Edit: Seems to be working (at least it doesn’t throw any error and Nextcloud also didn’t report anything), but there was a small typo:

# Redirect Dav Clients
@davclnt header_regexp User-Agent (?i)^DavClnt
redir @davclnt /remote.php/webdav{uri} 302

Should I post this to the wiki entry?

9

Nothing to do, Caddy sets it by default:

Is it actually needed for all NextCloud users, or only in specific cases?

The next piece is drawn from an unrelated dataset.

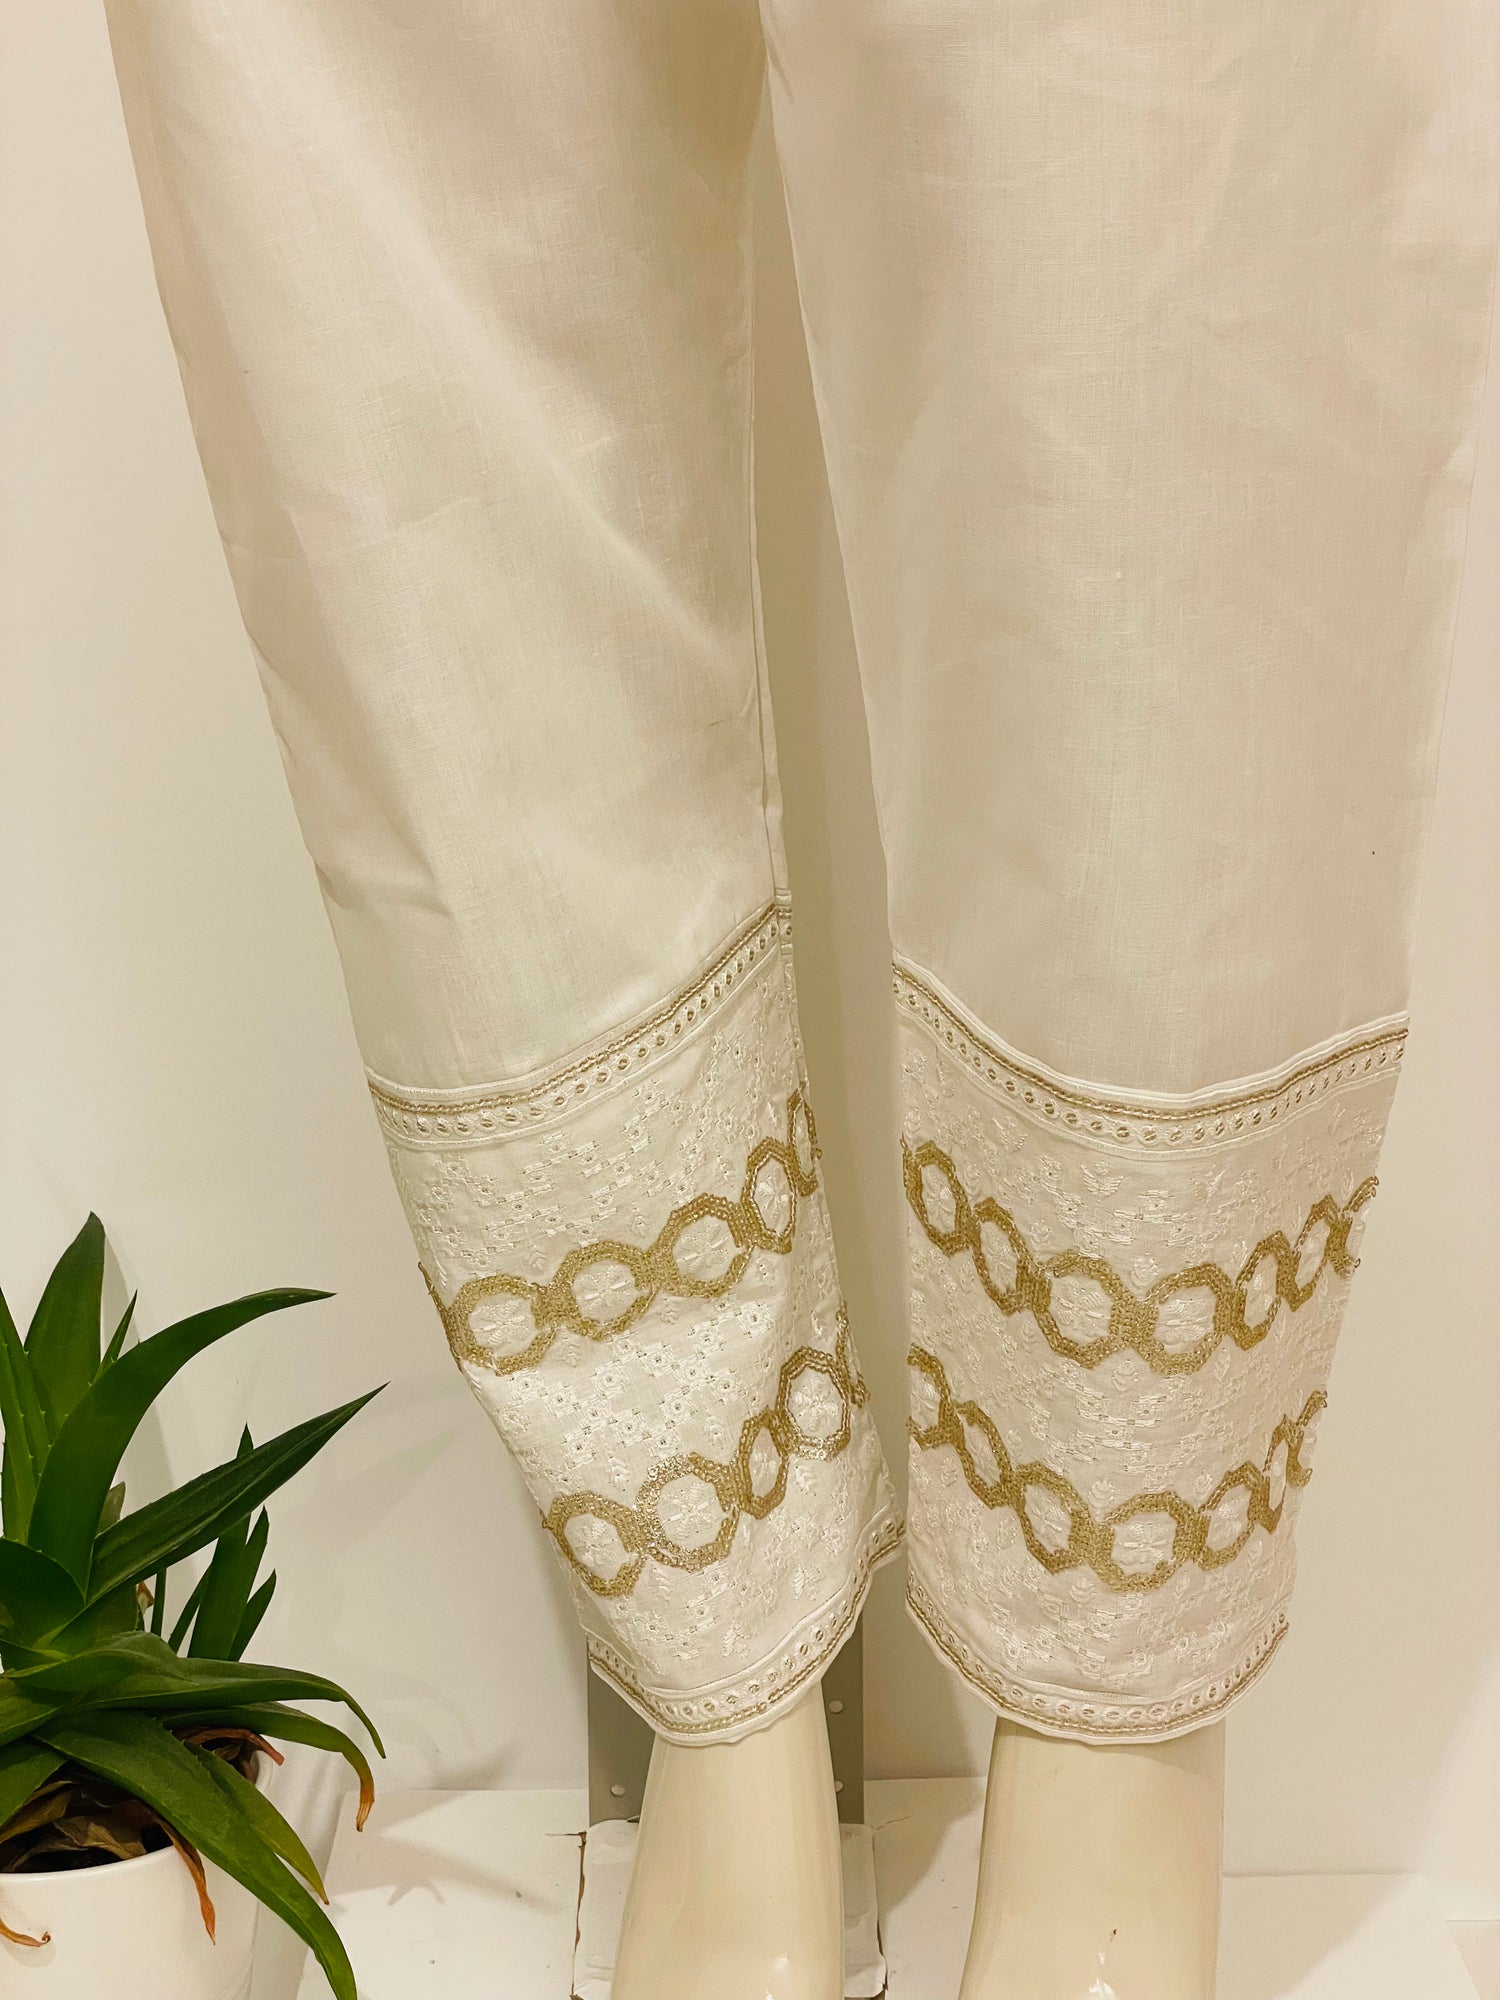 Buy JAIPUR ATTIRE Women White Pleated Cigarette Trousers - Trousers for  Women 15204104 | Myntra
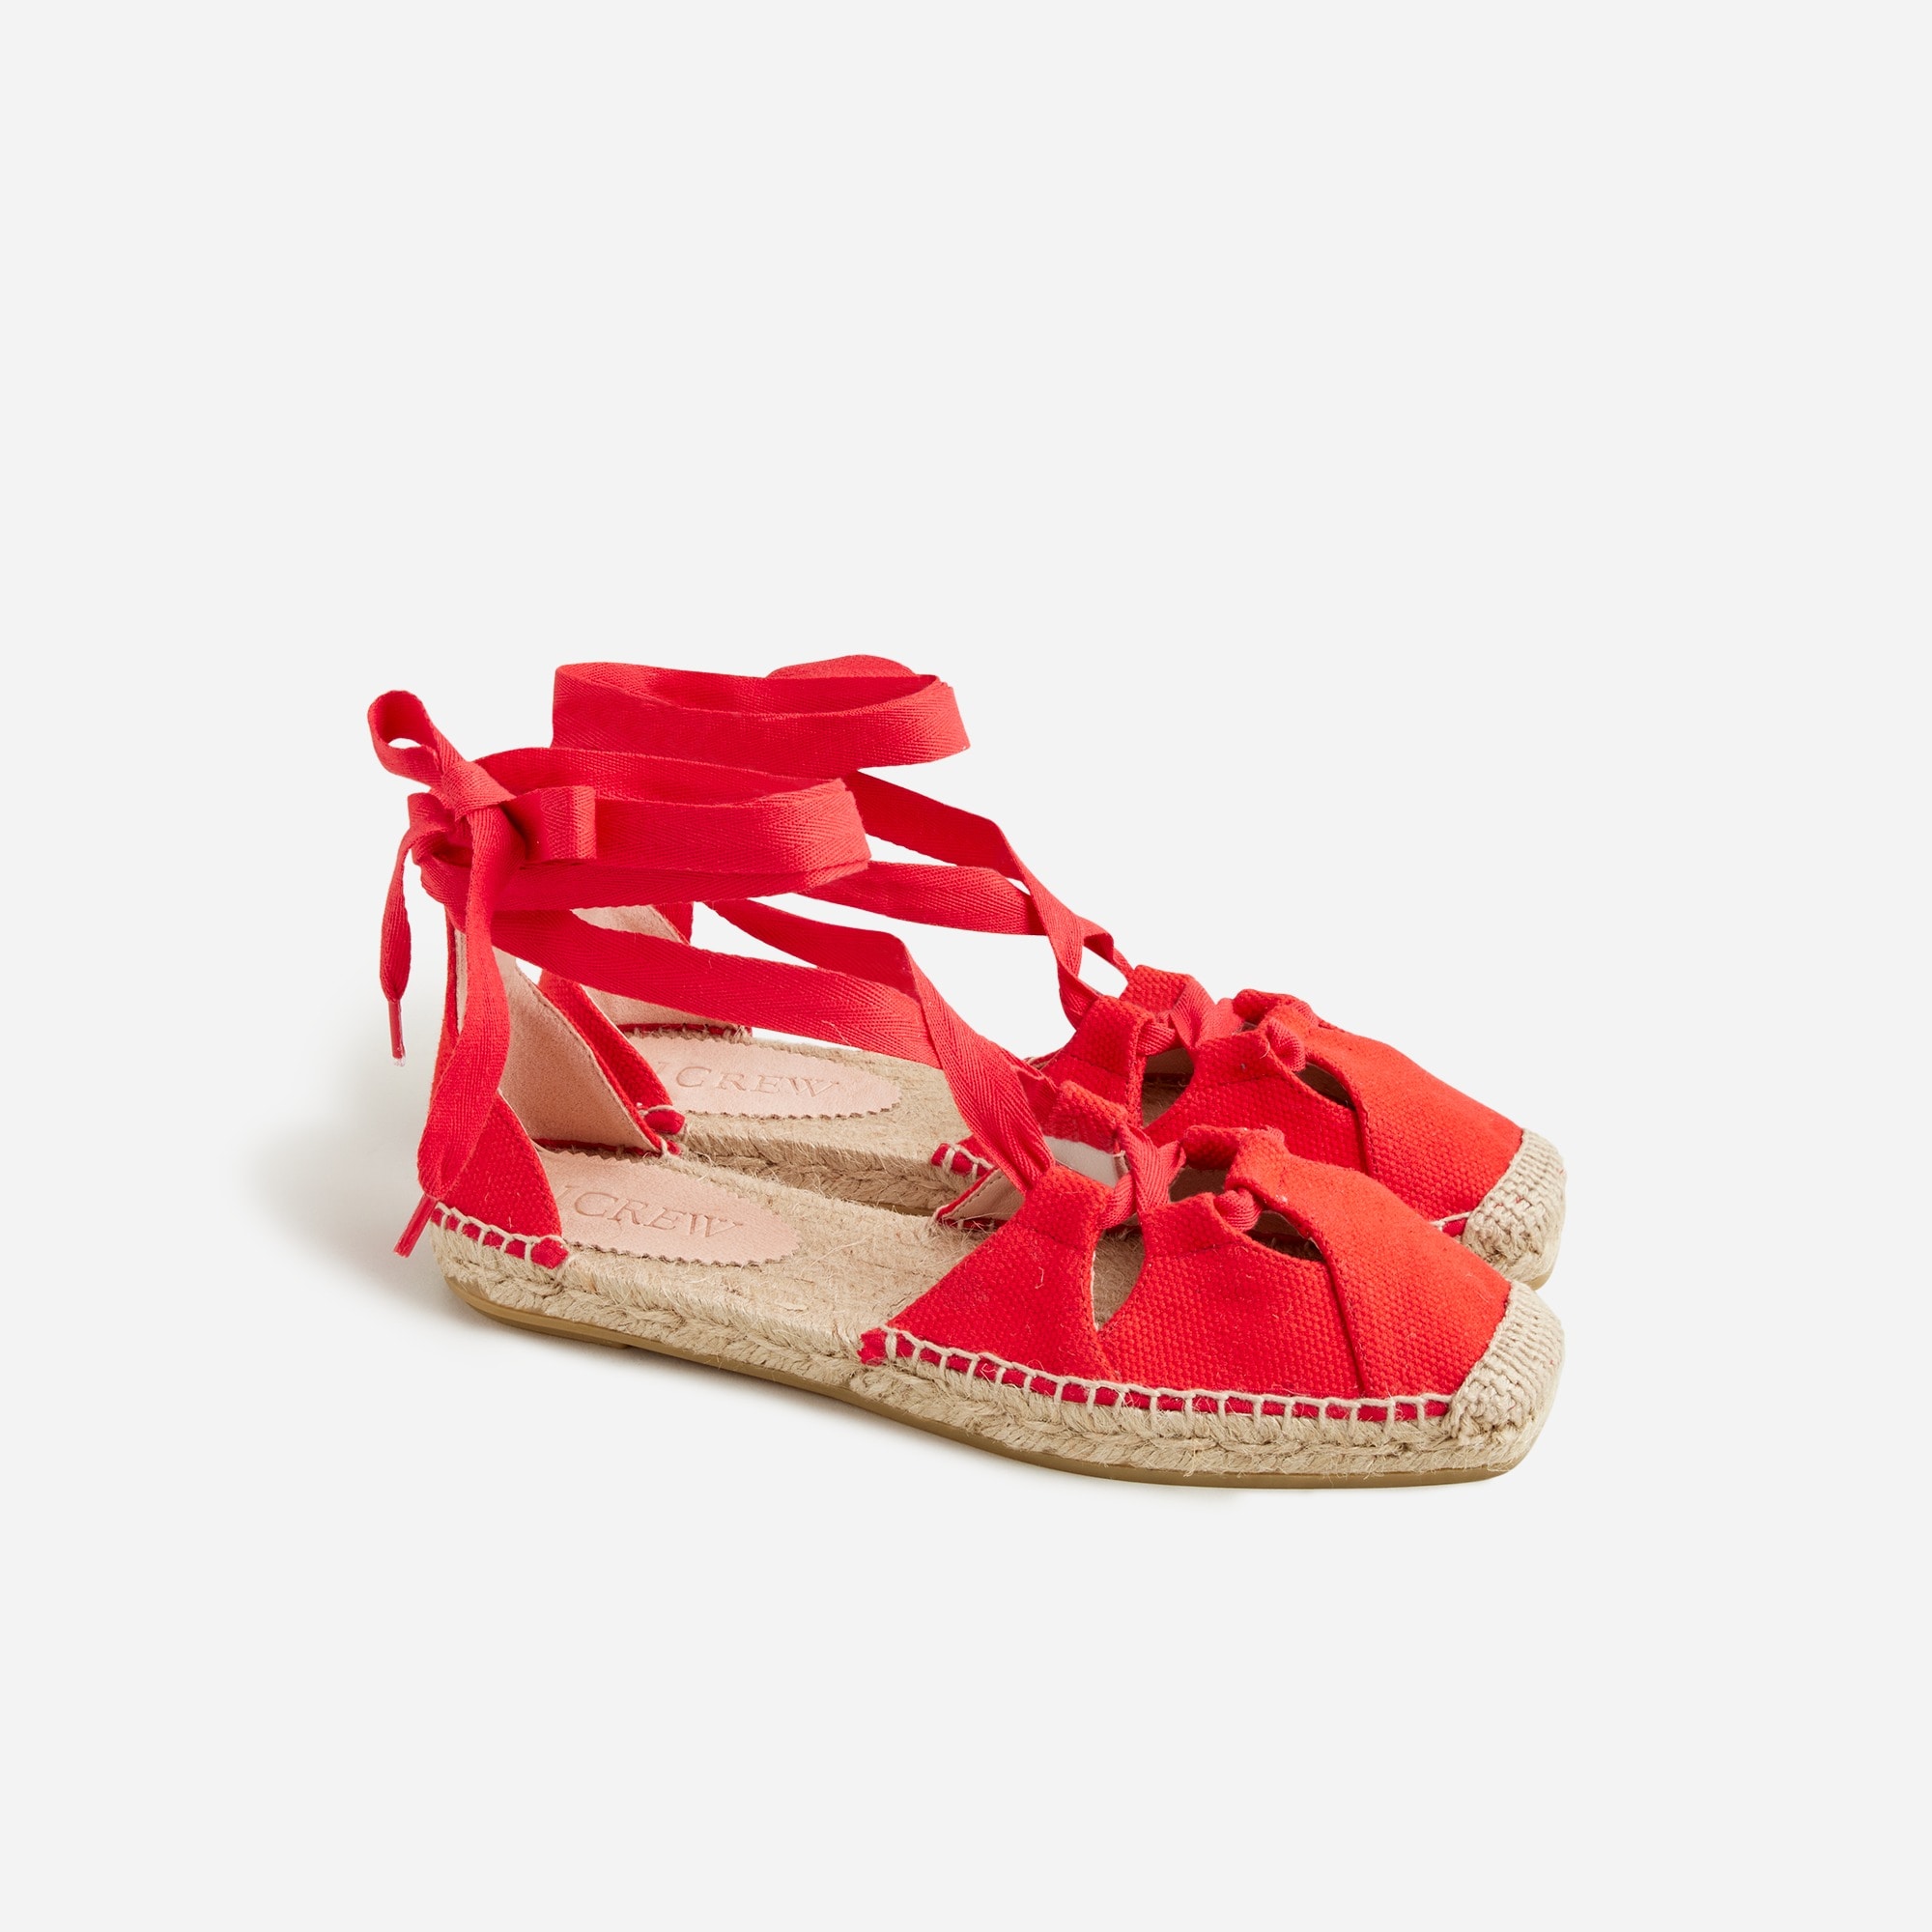 womens Made-in-Spain cutout lace-up espadrilles

Either way, go ahead and edit the wiki to add that in, I guess.

1 Like
10

I have found nextcloud to be really icky regarding the X-forwarded-For header. In my case, I am running it via a Unix domain socket which really has no IP to configure for a proxy server. So I finally gave in and pretended to have a proxy at 127.0.0.1:

        php_fastcgi unix//usr/local/var/run/php-fpm.sock {
                header_up X-Forwarded-For "{remote}, 127.0.0.1"
                env front_controller_active true
                env modHeadersAvailable true
        }

I added 127.0.0.1 as a trusted proxy in Nextcloud. If you happen to proxy Nextcloud via an IP socket that this is probably not an issue.

Regarding the DAV header check, I do not see how that is supposed to make a difference. I do not have that and DAV via a linux client worked fine. I did copy the URL from the files settings in the lower left of the nextcloud page when logged in, in my case this looks like this:

https://nextcloud.example.domain/remote.php/dav/files/jum

So the client is already at the proper path, and will stay within that. I do not see why it should be necessary to check for informal client headers.

1 Like
11

This topic was automatically closed 30 days after the last reply. New replies are no longer allowed.